A leading supporter of the Texas Medical Center and its member institutions for several decades, JPMorgan Chase is partnering with the IMM in the New Frontiers Campaign to help recruit additional scientists and build and equip a new home for the IMM. The $200 million campaign, chaired by Beth Robertson and co-chaired by Ben Love, began in early 2001 and with the help of JPMorgan Chase, passed the $143 million mark in January 2004.
“JPMorgan Chase believes in developing long-term partnerships with the communities that we serve around the world,” said Phil Conway, president of JPMorgan Chase Bank, Houston Region. “The IMM’s ambitious research goals have the potential to impact all of our lives, and we want to play a part in helping bring such discoveries to the forefront of medicine.”
A worldwide financial services firm, JPMorgan Chase operates in more than 50 countries and serves more than 30 million consumer customers. Through the JPMorgan Chase Foundation and JPMorgan Chase Bank, Texas, the company has made significant investments in health and education institutions throughout Houston.
“We see this gift as an investment in the future of our community,” added Kathy Orton, senior vice president of JPMorgan Chase’s Healthcare and Not-for-Profit Group. Both Orton and Conway serve on the UT Health Science Center at Houston Development Board.
Since its inception in 1995, the Institute of Molecular Medicine has established six disease-targeted research centers in human genetics, cardiovascular diseases, vascular biology, protein chemistry, cellular signaling, and immunology and autoimmune diseases.

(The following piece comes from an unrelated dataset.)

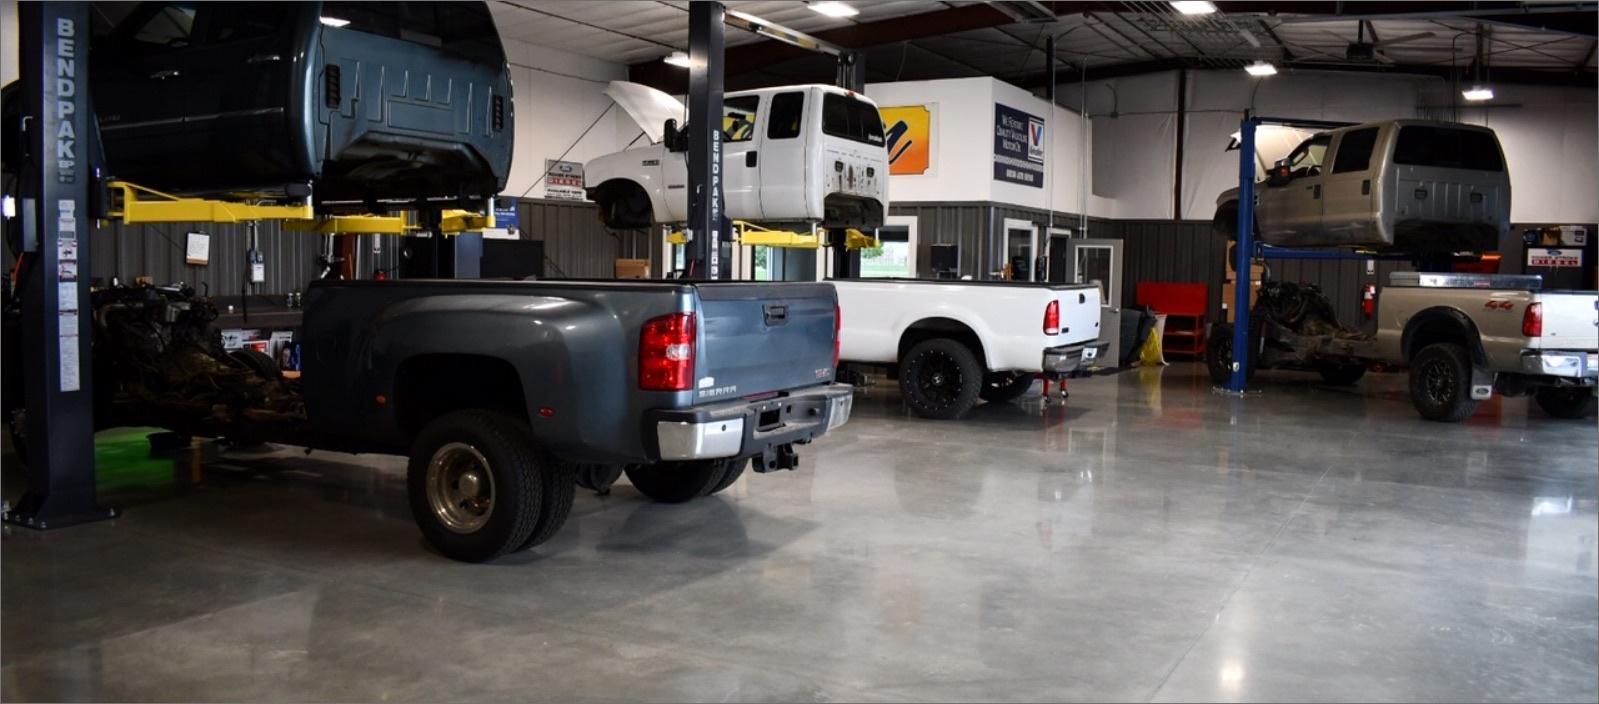 Full Service Diesel Repair facility Nassau/Suffolk Co
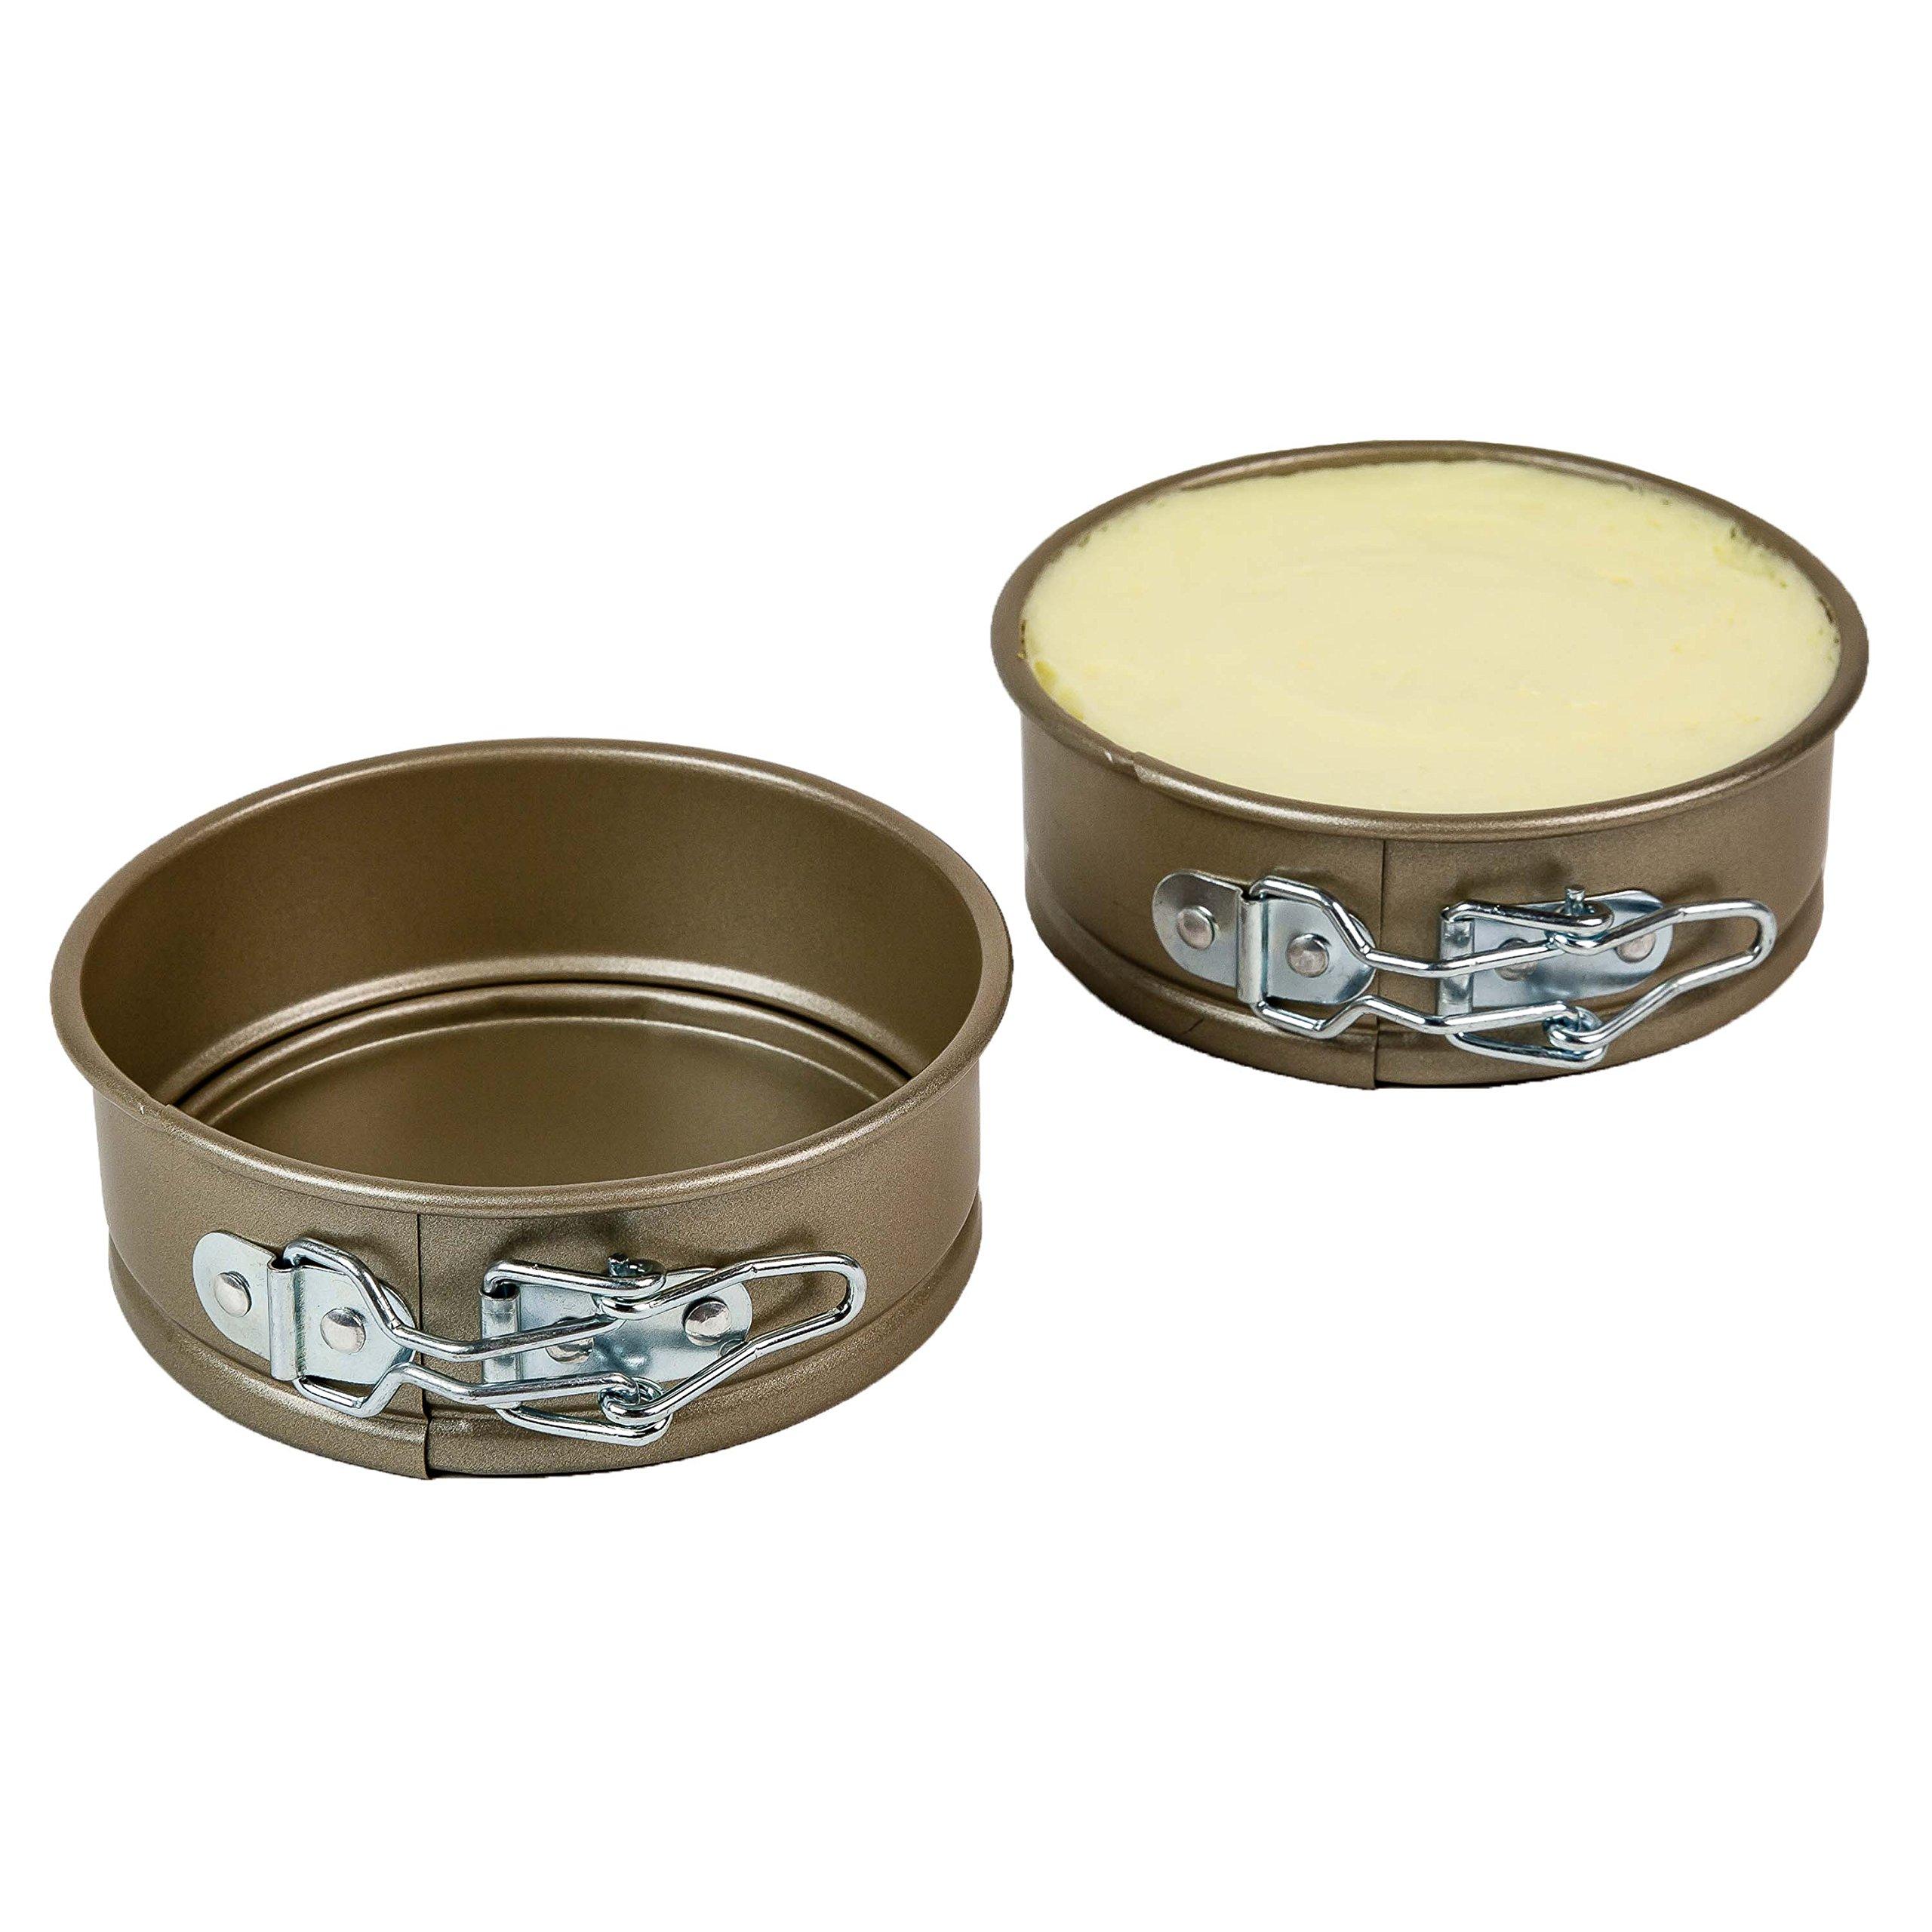 Ecolution Bakeins Mini Springform Cake Pan - 2pc, Champagne - Single Serving Bakeware

The centers focus on the gene and protein causes behind common conditions like stroke, diabetes, heart disease and hypertension in the search for preventive therapies and cures.
“Whether as individuals or through our families, we all experience the suffering caused by these diseases,” said James T. Willerson, M.D., president of the health science center. “JPMorgan Chase’s support of the IMM is strong proof of the company’s leadership in our community, and we are grateful for their partnership in so important an endeavor.”
Love, former chairman and chief executive officer of JPMorgan Chase, Texas, and UT Health Science Center Development Board member, added his personal thanks, “How wonderful to see an institution, of which I am so fond, ‘banking’ on the vision of Dr. Jim Willerson and the promise of the IMM!”
The institute broke ground on the site of its new home in September 2003. When completed, the new facility will house additional top scientists and equipment to expand the IMM’s molecular research into new areas, including neurodegenerative, pulmonary and gastroenterological diseases.